Der „Musikexpress“ bietet Jung und Alt eine „rasante Fahrt“: Der älteste Fahrgast war 103 Jahre alt. „Die vergangenen zwei Jahre hatten wir nur wenige Plätze auf dem Rummel oder Märkten - jetzt freuen wir uns sehr, dass es wieder los geht. Auf die Pandemiezeit möchte ich gar nicht zurückblicken, das ist Vergangenheit und vorbei. Nun schauen wir nach vorne.“
Denn Schausteller sein, sei eine „Lebenseinstellung“, das müsse man „fühlen und leben“, untermal Dormeier, während sein Blick in Richtung des Fahrgeschäfts schweift und bei einem der noch still stehenden Wagen hängen bleibt. „Wenn die ersten Fahrgäste kommen ist das ein unbeschreibliches Gefühl.“
„Es ist schön, wieder etwas zu tun zu haben“
Die „Süße Linie 8“ ist auf dem Wasserburger Frühlingsfest schon Stammgast. Bärbel und Rudi Stey sind zum 19. Mal heuer auf dem Festplatz an der Alkorstraße vertreten. „Die viele Arbeit macht schon sehr viel Freude“, konstatiert Bärbel lachend, während sie eine Lieferung einräumt. „Es ist schön, wieder etwas zu tun zu haben.“
Ihr Mann Rudi hat in erster Linie die Menschen und die Gespräche vermisst. „Ein Volksfest, das sagt der Name schon, ist nur möglich mit Menschen. Es geht nicht nur ums Beisammensitzen im Bierzelt, die Begegnungen auf dem Festplatz machen solche Feste aus.
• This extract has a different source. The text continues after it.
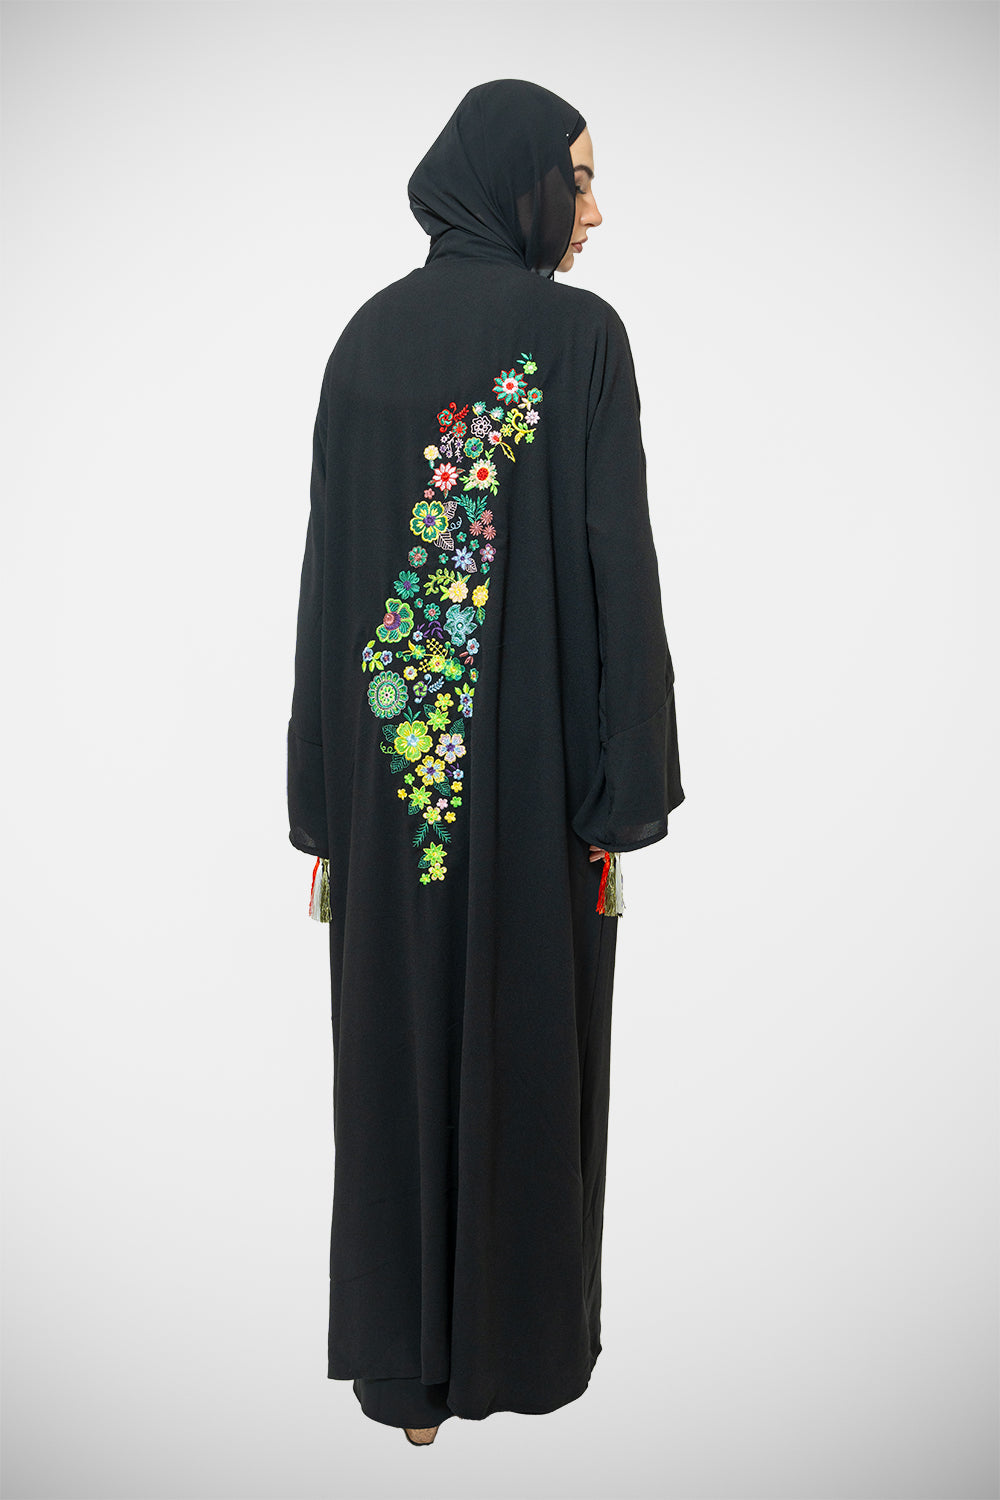 Palestinian Floral Heritage Modest Open Abaya

Der Austausch hat die letzten zwei Jahre sehr gefehlt.“
Die gesamte Saison hindurch geht es für die Steys und ihren Süßwaren-Stand quer durch Oberbayern mit Ausnahme zweier Stationen in Niederbayern. Seit 2003 legen sie mit ihrem Stand einen Stopp auf dem Wasserburger Frühlingsfest ein: „Für uns gibt es nicht Schöneres, als am Mittwoch zu öffnen und los zu starten.“
„Es fällt erst auf, wenn etwas nicht mehr da ist“
Kerstin Münch von der Schaustellerfamilie Zinnecker kann den Eindruck der Steys nach der langen Abstinenz bestätigen: „Der Zuspruch war enorm, wir haben viel Trinkgeld bekommen und die Leute haben sich nach uns erkundigt, wie es uns geht und mitgelitten. Das haben wir so noch nie erlebt. Dass wir Schausteller auf Festen vertreten sind, war bis zur Pandemie immer selbstverständlich. Es fällt erst auf, wenn etwas nicht mehr da ist.“
Mit dem „Mondräumer“, einem Geschicklichkeitsspiel, bei dem der Spieler durch eigenes Handeln Münzen verschieben kann, damit sie unten herausfallen, sind die Zinnecker-Münchs zum fünften Mal in Wasserburg vertreten, mit ihrem Losstand zum zehnten Mal. Kerstin Münch freut sich am allermeisten auf strahlenden Kinderaugen, die zum ersten Mal seit der Pandemie ein Los aufmachen dürfen. „Das ist für die Kleinen alles neu, die kennen das noch nicht - genauso wenig wie Zuckerwatte.“
Nach zwei Jahren Stillstand hat die Familie sich erst wieder einstellen müssen auf den Arbeitsalltag, schließt Kerstin ihre Erklärung ab: „Es war sehr anstrengend und man merkt erst jetzt, was man in früheren Zeiten tagtäglich und selbstverständlich geleistet hat. Das braucht, bis man wieder in die alte Routine zurückkehrt. Aber wir haben uns schon wieder umgewöhnt, haben Spaß an der Arbeit und bringen gerne wieder Freude aufs Frühlingsfest.“
Wasserburger Frühlingsfest von 25. Mai bis 6. Juni so lang wie nie
Das Wasserburger Frühlingsfest wird am Mittwoch, 25. Mai mit dem traditionellen Festzug quer durch die Altstadt um 18.30 Uhr eröffnet und dauert heuer zum ersten Mal 13 statt bislang nur 11 Tage. Der WFV Wasserburg als Veranstalter hat ein buntes Programm auf die Beine gestellt. Alle Eckdaten finden sich auf der Homepage des Festes.